A technique that identifies the build-up of abnormal protein deposits linked to Parkinson’s disease could aid in early diagnosis.
The research, published Wednesday in the Lancet Neurology, could play a key role in the treatment of this widespread movement disorder, according to the study investigators.
Identifying an effective biomarker for Parkinson’s disease could have significant implications, potentially making it possible to identify the best treatments for different patient subsets, and hasten clinical trials. The presence of misfolded α-synuclein protein aggregates in the brain, a hallmark of Parkinson’s disease, could potentially serve as a biomarker. Historically, biochemical tests could not provide a conclusive diagnosis during life -- therefore, the disease has previously been defined based on clinical symptoms and post-mortem brain pathology.
A technique called α-synuclein seed amplification assay (αSyn-SAA) amplifies very small amounts of misfolded α-synuclein aggregates in samples from Parkinson’s patients so that they can be detected using standard laboratory techniques. The researchers sought to assess αSyn-SAA’s usefulness in detecting early signs of Parkinson’s.
The researchers used data from the Parkinson’s Progression Markers Initiative cohort. Among the 1,123 participants were individuals with a Parkinson’s disease diagnosis, and at-risk people with gene variants linked to the condition. Samples of participants’ cerebrospinal fluid, which surrounds the brain and spinal cord, were analyzed using αSyn-SAA.
Prodromal individuals exhibit non-motor symptoms, including REM sleep disturbance and loss of smell -- both potential Parkinson’s precursors -- but lack the tremors or muscle stiffness that come later in the disease’s development. Prodromal participants were included to help determine αSyn-SAA’s usefulness in predicting Parkinson’s onset.
Findings confirmed that αSyn-SAA can accurately detect people with Parkinson’s disease, with positive results in 88% of diagnosed participants. Most prodromal participants had positive αSyn-SAA results, indicating α-synuclein aggregates, despite not having been diagnosed with Parkinson’s disease. Among those recruited with sleep disorder, 85% had positive αSyn-SAA results. Similarly, among those reporting loss of smell, 89% had positive αSyn-SAA results. Such loss of smell was the clinical feature that most strongly predicted a positive αSyn-SAA result. Among participants with Parkinson’s disease and loss of smell, 97% had positive αSyn-SAA results compared to 63% of those whose sense of smell was unchanged.

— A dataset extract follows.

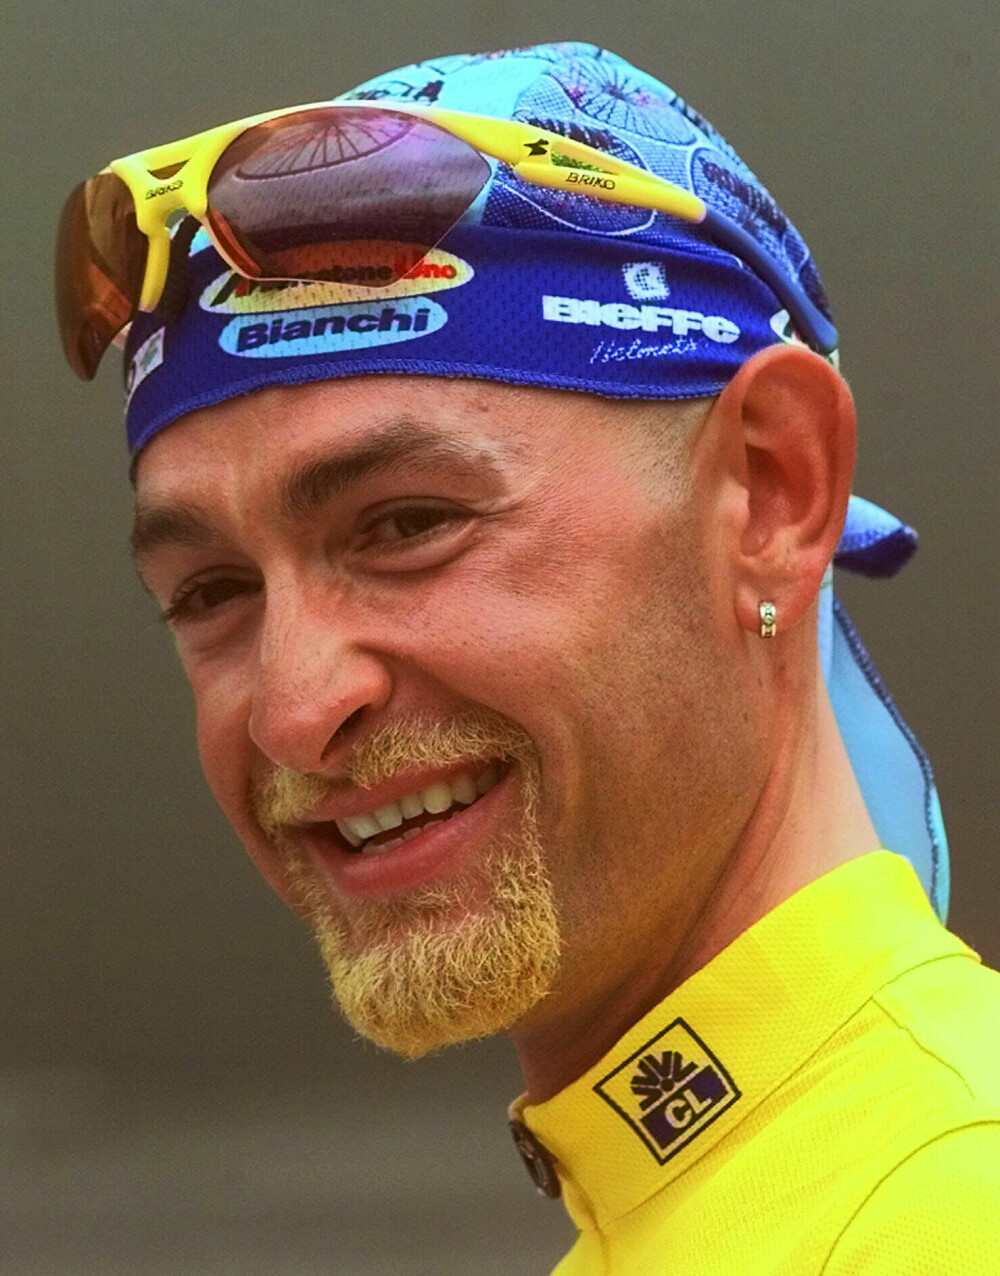 <b>PÅ TOPP:</b> Piraten utstrålte en nesten umenneskelig styrke i 1998 da han både vant Giro d'Italia og Tour de France. Det viste seg at styrken ikke bare var nesten umenneskelig. Den var produkt av juks.

Importantly, most prodromal participants with positive αSyn-SAA results had brain scans that did not show a decline in the number of dopamine-producing nerve cells, a pre-diagnosis biomarker. The loss of dopamine-producing cells has been implicated as a cause of Parkinson’s disease. This result suggests that misfolded α-synuclein buildup may be a very early indicator of disease onset. That the detection of α-synuclein before brain damage is observable by imaging suggests the ubiquitous spread of these proteins prior to substantial neuronal damage.
“Our findings suggest that the αSyn-SAA technique is highly accurate at detecting the biomarker for Parkinson’s disease regardless of the clinical features, making it possible to accurately diagnose the disease at early stages,” co-lead author Luis Concha, director of R&D for the biotech company Amprion, said in a statement.